Current Research Projects

Developmental signals that regulate body fat distribution

White adipose tissue is an endocrine organ that dynamically expands and contracts to meet the metabolic demands of the organism. It is found in the subcutaneous layer and distinct intra-abdominal depots. Excess abdominal fat is associated with insulin resistance, type 2 diabetes, and cardiovascular disease. In contrast, expansion of subcutaneous white adipose tissue depots is associated with normal insulin sensitivity and reduced incidence of obesity-linked conditions including ectopic fat deposition, hepatic steatosis (fatty liver), and type 2 diabetes. We are interested in transcriptional pathways that specify the patterning of white adipose tissue depots in normal development and obesity. These projects will ultimately explore pathways and signals that dictate the selective expansion of depot-specific fat cells.

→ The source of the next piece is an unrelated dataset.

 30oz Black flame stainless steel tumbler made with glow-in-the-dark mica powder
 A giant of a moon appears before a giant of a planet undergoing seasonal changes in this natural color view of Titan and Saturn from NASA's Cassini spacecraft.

Immunology of adipose tissue expandability

Chronic, low grade inflammation in white adipose tissue contributes to the metabolic dysfunction and insulin resistance that precedes T2DM. However, recent work challenges the idea that all immune responses are deleterious to adipose tissue. For instance, a unique population of Foxp3+CD4+ regulatory T cells (Tregs) that function to counteract excess immune response is markedly reduced in adipose tissue of diabetic mice and humans. We discovered Treg infiltration within subcutaneous white adipose tissues generates anti-diabetic effects in mouse models of insulin resistance and obesity. Our current work tests the hypothesis that Tregs in subcutaneous white adipose tissue allow ‘healthy’ fat mass to expand in the face of chronic dietary stress. If our hypothesis is true, we believe it’s possible to leverage the immune system as a tool to maintain insulin sensitivity and manage the co-morbidities of obesity. Ongoing projects align immunology and energy balance studies to understand how the metabolic symbiosis between Tregs and fat cells control subcutaneous adipose tissue expandability during chronic environmental (i.e. dietary) challenge.